Required action:
Please return the lines below verbatim, beginning at the one that has "Samsung Geek Squad" and stopping after the one that has "John Bolton carrying luggage and umbrella", and add no other lines.

Records drawn from a dataset
=== Begin Enclosure ===

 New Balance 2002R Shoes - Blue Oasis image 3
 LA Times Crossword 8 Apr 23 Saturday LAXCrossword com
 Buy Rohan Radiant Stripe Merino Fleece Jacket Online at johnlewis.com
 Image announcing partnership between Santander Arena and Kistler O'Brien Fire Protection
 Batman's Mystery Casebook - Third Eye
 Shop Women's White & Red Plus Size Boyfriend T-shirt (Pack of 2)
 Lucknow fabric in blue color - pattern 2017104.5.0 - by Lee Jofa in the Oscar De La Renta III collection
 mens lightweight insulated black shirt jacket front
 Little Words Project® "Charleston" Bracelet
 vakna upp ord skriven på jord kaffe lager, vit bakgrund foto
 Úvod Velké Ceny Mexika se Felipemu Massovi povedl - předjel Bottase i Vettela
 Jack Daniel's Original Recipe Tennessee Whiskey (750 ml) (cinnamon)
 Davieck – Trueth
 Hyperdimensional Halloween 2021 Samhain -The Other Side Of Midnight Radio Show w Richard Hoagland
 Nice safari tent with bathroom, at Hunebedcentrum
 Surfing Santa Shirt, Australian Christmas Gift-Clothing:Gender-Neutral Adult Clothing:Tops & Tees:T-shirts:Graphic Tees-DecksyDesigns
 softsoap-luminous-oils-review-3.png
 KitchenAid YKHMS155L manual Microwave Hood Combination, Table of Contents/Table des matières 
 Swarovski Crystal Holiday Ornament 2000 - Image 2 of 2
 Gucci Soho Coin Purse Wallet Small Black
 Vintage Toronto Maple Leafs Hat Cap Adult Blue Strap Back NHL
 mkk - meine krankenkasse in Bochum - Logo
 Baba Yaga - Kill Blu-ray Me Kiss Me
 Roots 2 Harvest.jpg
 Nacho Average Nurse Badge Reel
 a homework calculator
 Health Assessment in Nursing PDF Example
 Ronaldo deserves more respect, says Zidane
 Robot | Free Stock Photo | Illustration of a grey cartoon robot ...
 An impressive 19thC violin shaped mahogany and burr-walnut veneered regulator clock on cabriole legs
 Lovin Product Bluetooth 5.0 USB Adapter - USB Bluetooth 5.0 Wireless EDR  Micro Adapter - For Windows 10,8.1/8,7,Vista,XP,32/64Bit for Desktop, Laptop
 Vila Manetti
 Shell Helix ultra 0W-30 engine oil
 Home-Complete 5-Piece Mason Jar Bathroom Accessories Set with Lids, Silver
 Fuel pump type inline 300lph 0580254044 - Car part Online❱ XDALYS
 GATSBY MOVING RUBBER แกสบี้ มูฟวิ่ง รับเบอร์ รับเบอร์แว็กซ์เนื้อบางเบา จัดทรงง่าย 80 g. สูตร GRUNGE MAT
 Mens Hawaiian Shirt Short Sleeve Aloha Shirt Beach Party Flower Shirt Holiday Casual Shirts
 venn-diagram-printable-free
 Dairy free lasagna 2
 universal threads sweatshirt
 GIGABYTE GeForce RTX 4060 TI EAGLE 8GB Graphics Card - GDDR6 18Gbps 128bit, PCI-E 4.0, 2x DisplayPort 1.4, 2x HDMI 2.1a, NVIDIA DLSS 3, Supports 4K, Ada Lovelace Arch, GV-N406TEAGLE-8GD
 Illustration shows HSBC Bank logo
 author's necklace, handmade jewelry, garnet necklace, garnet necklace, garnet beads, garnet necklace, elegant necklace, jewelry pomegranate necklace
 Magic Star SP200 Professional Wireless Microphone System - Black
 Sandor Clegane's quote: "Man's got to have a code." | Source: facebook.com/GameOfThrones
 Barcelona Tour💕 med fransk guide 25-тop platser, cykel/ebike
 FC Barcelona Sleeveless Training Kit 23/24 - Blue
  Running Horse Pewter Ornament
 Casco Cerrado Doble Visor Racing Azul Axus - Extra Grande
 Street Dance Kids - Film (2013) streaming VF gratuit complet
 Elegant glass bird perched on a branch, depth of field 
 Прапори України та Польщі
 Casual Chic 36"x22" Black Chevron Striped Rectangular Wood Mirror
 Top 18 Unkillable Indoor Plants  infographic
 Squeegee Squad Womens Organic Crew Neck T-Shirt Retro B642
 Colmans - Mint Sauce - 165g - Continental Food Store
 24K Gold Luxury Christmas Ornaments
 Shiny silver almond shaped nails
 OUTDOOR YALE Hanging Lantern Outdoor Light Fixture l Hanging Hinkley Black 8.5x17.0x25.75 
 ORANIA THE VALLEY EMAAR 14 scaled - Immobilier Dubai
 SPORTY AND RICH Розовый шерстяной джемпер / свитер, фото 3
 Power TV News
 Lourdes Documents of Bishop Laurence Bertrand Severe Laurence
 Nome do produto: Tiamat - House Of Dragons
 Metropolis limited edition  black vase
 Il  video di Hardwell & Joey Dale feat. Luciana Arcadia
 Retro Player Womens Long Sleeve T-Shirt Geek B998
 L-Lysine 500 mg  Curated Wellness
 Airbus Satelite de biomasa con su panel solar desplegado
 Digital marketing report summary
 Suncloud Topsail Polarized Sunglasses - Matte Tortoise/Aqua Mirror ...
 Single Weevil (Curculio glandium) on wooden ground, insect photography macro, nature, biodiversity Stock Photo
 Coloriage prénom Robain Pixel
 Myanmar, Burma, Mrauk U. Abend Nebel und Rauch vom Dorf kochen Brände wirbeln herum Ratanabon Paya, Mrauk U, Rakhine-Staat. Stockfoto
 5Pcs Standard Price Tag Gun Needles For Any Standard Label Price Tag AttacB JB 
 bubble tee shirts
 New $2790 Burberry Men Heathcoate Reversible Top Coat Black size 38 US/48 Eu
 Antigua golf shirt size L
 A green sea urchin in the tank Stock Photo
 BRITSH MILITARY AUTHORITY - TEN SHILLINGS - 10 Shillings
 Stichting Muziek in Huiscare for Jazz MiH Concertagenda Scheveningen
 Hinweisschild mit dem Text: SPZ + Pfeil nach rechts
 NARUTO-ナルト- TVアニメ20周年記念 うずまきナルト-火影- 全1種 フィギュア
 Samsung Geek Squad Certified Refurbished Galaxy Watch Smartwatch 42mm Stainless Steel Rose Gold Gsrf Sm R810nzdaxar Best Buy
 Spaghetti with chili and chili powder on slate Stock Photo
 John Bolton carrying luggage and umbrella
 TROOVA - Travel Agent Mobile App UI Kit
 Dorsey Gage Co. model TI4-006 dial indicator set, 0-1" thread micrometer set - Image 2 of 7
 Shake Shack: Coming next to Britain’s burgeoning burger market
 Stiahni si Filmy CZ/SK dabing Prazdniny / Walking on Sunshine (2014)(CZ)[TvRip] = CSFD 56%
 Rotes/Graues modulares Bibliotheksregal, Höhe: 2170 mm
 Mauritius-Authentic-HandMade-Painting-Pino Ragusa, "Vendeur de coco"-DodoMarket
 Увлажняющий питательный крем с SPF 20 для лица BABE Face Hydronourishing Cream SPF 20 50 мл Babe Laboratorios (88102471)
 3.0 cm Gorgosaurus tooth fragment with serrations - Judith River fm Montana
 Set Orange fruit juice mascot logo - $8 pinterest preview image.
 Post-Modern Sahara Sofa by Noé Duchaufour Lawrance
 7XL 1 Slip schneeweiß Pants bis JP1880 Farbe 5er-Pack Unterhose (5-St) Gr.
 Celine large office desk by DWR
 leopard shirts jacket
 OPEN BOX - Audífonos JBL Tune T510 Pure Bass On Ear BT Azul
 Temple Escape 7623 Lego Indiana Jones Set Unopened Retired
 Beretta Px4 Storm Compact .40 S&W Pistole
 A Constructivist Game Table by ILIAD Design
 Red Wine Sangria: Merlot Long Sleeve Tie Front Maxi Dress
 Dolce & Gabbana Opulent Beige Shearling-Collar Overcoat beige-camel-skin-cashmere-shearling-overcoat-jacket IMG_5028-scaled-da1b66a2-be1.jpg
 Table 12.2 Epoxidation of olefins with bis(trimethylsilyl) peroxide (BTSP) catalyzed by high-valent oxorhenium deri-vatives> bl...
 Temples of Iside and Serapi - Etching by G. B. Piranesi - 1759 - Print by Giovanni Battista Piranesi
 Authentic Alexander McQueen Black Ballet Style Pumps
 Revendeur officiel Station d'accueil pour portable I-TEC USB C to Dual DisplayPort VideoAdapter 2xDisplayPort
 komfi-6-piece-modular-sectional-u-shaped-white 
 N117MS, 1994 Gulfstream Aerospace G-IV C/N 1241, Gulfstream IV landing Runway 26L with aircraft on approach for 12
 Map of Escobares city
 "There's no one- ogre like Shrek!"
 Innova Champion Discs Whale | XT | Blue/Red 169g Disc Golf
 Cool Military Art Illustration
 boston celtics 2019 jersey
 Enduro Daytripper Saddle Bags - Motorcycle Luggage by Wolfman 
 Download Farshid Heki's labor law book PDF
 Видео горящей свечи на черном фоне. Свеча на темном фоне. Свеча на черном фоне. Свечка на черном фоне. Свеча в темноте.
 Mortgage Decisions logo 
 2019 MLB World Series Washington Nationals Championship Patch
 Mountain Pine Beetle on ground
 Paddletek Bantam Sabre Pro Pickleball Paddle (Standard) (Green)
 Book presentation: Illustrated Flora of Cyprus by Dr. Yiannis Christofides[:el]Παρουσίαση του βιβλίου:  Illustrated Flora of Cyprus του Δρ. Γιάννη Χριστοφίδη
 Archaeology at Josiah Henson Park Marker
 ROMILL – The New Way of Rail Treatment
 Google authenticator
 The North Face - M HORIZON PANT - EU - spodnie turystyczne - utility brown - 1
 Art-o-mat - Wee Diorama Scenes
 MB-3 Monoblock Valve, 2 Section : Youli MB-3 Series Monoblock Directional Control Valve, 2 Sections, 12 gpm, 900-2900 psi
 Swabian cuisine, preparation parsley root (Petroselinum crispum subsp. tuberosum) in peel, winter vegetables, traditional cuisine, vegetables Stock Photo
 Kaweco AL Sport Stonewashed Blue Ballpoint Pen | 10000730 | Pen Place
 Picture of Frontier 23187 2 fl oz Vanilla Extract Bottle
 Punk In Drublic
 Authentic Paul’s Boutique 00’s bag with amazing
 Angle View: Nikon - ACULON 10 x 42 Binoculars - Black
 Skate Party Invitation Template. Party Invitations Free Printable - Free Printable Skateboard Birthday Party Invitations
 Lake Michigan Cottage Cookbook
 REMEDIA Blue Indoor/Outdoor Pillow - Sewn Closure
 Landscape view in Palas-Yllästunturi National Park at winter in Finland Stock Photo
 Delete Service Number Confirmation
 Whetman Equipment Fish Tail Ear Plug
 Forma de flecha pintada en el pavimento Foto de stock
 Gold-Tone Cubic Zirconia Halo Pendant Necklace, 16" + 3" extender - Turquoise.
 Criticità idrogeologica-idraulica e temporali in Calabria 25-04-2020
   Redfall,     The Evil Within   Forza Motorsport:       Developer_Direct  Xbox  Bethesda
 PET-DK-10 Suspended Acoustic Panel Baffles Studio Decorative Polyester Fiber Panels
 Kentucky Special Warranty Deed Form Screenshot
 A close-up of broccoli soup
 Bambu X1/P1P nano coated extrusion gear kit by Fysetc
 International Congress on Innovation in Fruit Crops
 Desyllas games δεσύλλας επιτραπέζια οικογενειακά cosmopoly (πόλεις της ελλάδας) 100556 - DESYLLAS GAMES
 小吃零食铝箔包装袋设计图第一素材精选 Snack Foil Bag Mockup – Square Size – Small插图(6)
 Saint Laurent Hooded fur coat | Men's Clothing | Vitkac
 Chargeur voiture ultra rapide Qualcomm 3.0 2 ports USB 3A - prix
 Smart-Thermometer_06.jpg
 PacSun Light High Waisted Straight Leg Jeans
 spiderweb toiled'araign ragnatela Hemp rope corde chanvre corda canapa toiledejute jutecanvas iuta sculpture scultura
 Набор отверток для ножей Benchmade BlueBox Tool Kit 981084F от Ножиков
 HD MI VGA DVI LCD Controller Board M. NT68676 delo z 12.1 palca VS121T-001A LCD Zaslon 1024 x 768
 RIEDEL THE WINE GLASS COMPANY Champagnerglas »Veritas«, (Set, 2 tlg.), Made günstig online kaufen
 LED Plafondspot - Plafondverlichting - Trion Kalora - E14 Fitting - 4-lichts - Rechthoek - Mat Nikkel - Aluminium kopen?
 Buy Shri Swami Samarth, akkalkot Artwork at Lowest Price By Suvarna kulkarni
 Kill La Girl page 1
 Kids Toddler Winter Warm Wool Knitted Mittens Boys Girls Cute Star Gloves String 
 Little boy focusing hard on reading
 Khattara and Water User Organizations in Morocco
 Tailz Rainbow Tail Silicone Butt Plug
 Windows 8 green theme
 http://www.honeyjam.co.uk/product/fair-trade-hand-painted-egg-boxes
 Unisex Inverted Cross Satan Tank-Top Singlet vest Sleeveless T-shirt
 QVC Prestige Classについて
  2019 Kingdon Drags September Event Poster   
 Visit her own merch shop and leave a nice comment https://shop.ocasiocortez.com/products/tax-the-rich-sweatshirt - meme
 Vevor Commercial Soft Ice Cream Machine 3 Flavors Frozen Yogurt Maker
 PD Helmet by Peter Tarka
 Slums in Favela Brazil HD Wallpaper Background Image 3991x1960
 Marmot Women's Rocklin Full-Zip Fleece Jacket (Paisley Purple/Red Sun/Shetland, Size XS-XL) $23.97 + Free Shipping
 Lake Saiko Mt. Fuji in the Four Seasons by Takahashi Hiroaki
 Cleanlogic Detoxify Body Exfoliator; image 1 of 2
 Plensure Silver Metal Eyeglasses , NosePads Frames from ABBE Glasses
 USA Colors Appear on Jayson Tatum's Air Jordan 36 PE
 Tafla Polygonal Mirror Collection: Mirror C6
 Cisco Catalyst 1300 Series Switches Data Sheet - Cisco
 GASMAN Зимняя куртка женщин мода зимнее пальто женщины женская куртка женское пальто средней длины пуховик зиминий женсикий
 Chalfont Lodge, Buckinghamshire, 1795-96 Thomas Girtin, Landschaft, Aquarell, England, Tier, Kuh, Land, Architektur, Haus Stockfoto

=== End Enclosure ===

Exercise solution:
 Samsung Geek Squad Certified Refurbished Galaxy Watch Smartwatch 42mm Stainless Steel Rose Gold Gsrf Sm R810nzdaxar Best Buy
 Spaghetti with chili and chili powder on slate Stock Photo
 John Bolton carrying luggage and umbrella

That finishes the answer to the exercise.